Work to be completed: Without the images, write out the whole listing exactly.

Data extract:
________________________________________

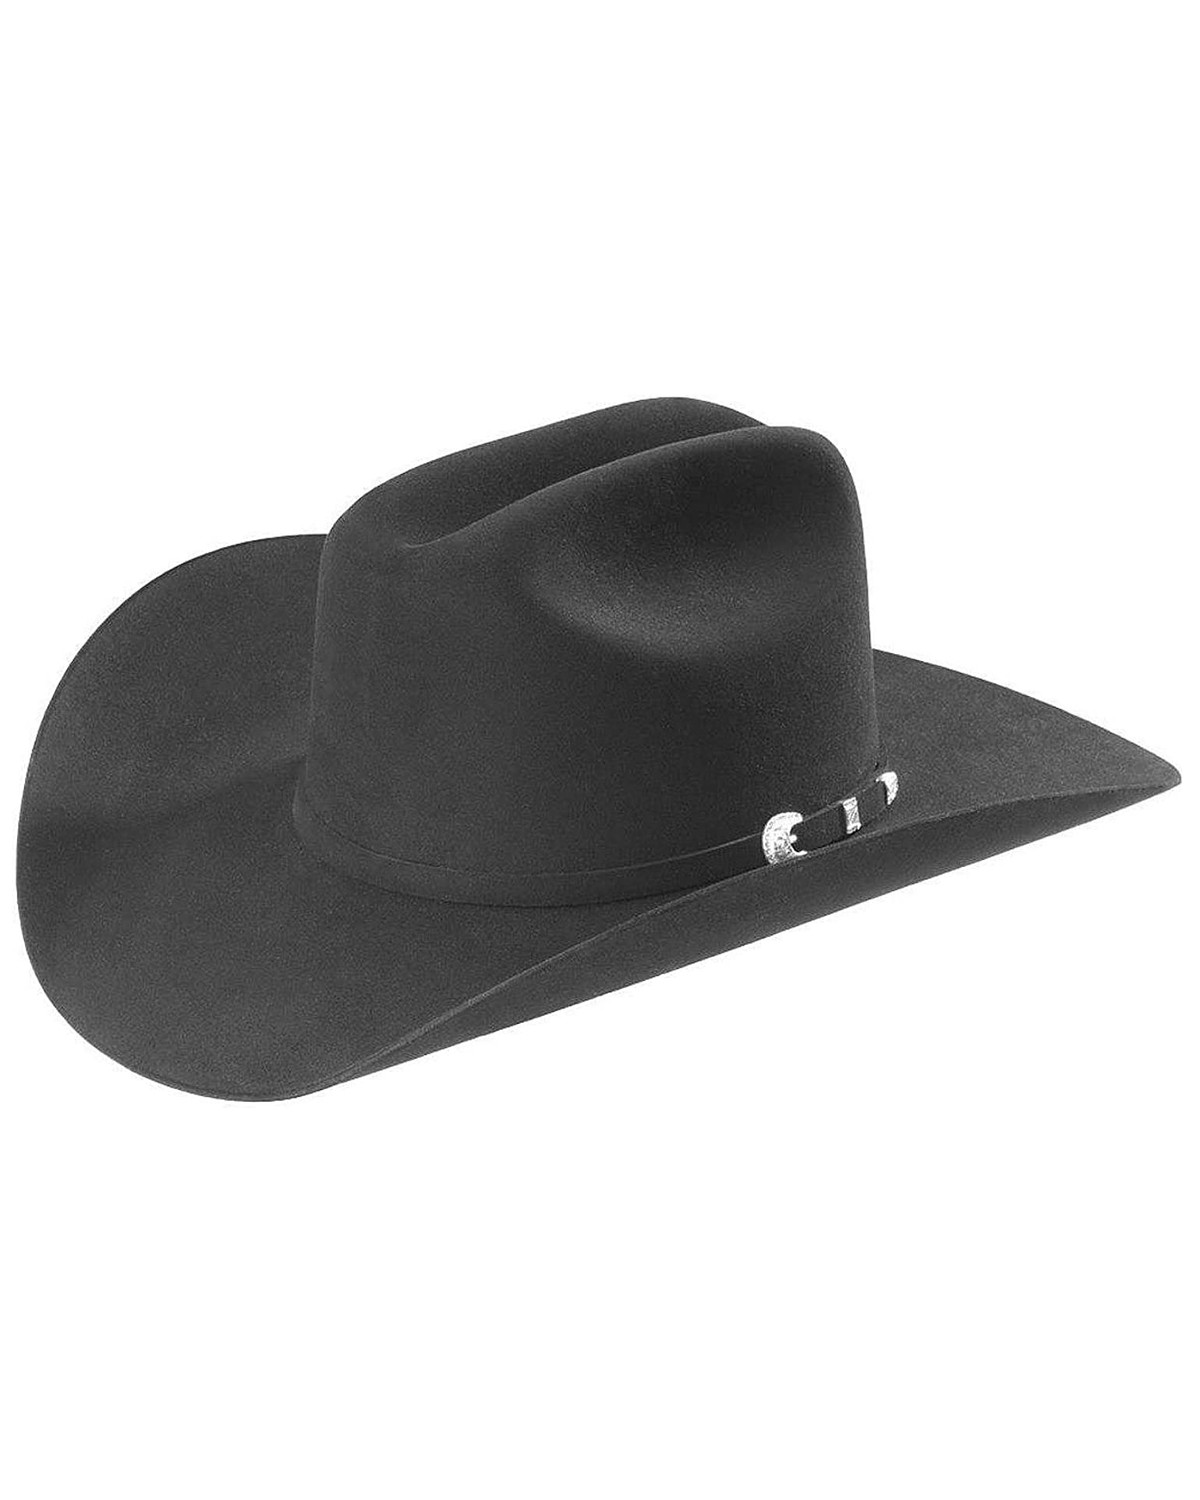 Black Cowboy Hats
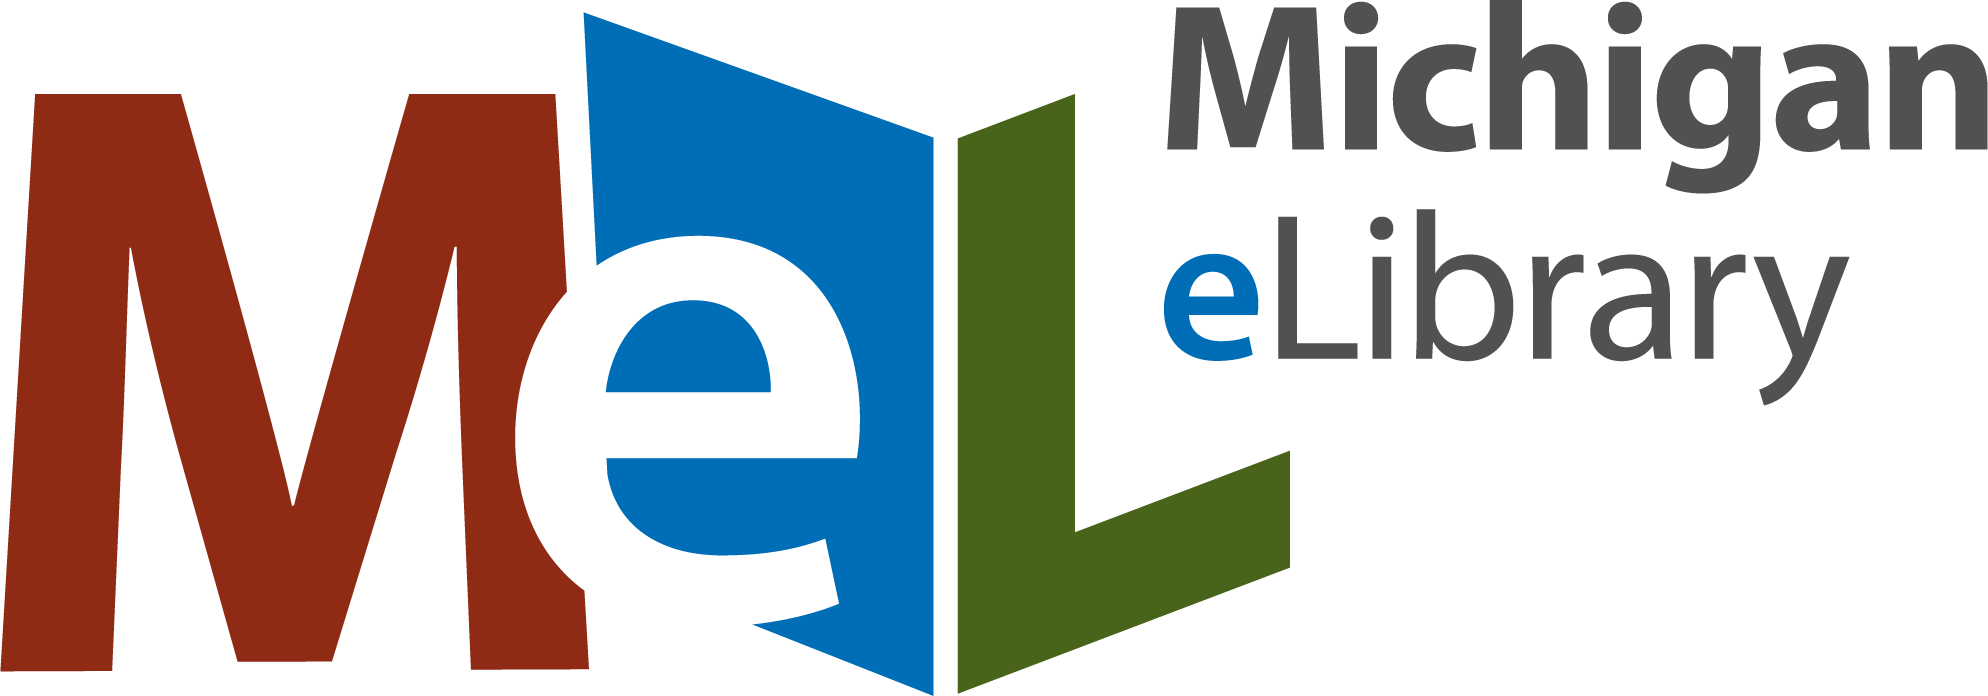 MeL-horizontal-logo-emphasis-RGB.png
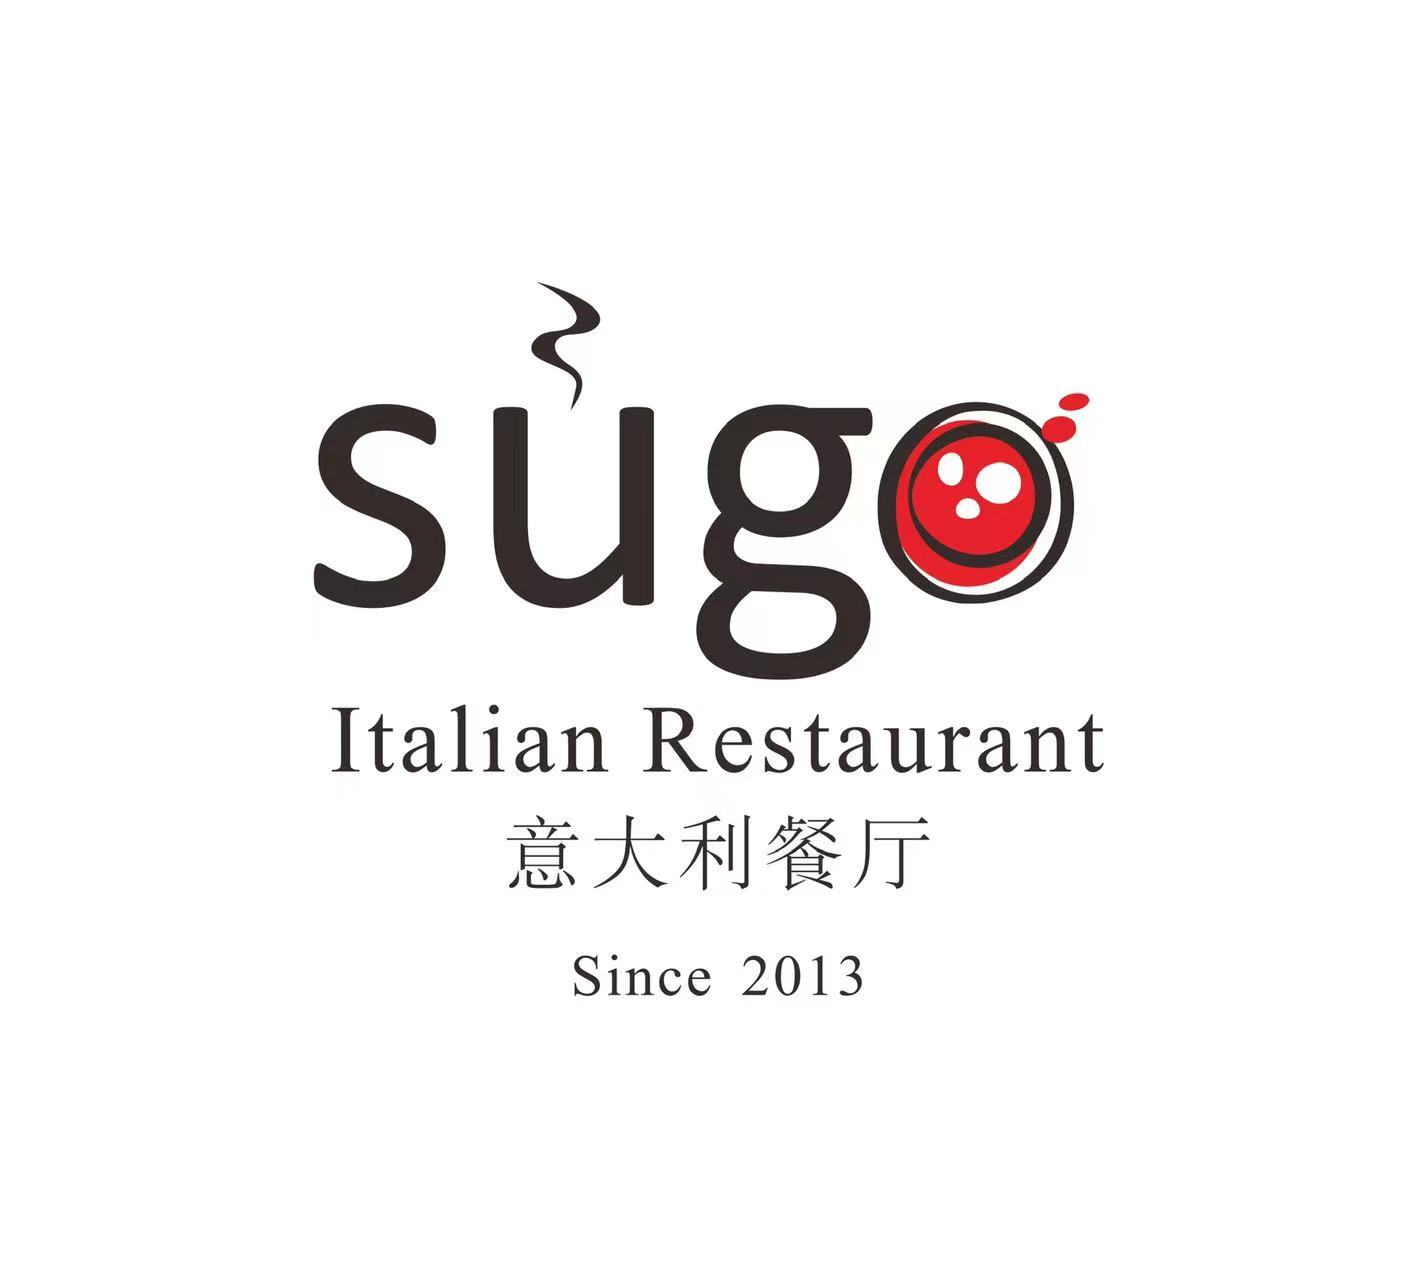 Featured image for “Sùgo Italian Restaurant”

________________________________________

Solved exercise:
 Black Cowboy Hats
 MeL-horizontal-logo-emphasis-RGB.png
 Featured image for “Sùgo Italian Restaurant”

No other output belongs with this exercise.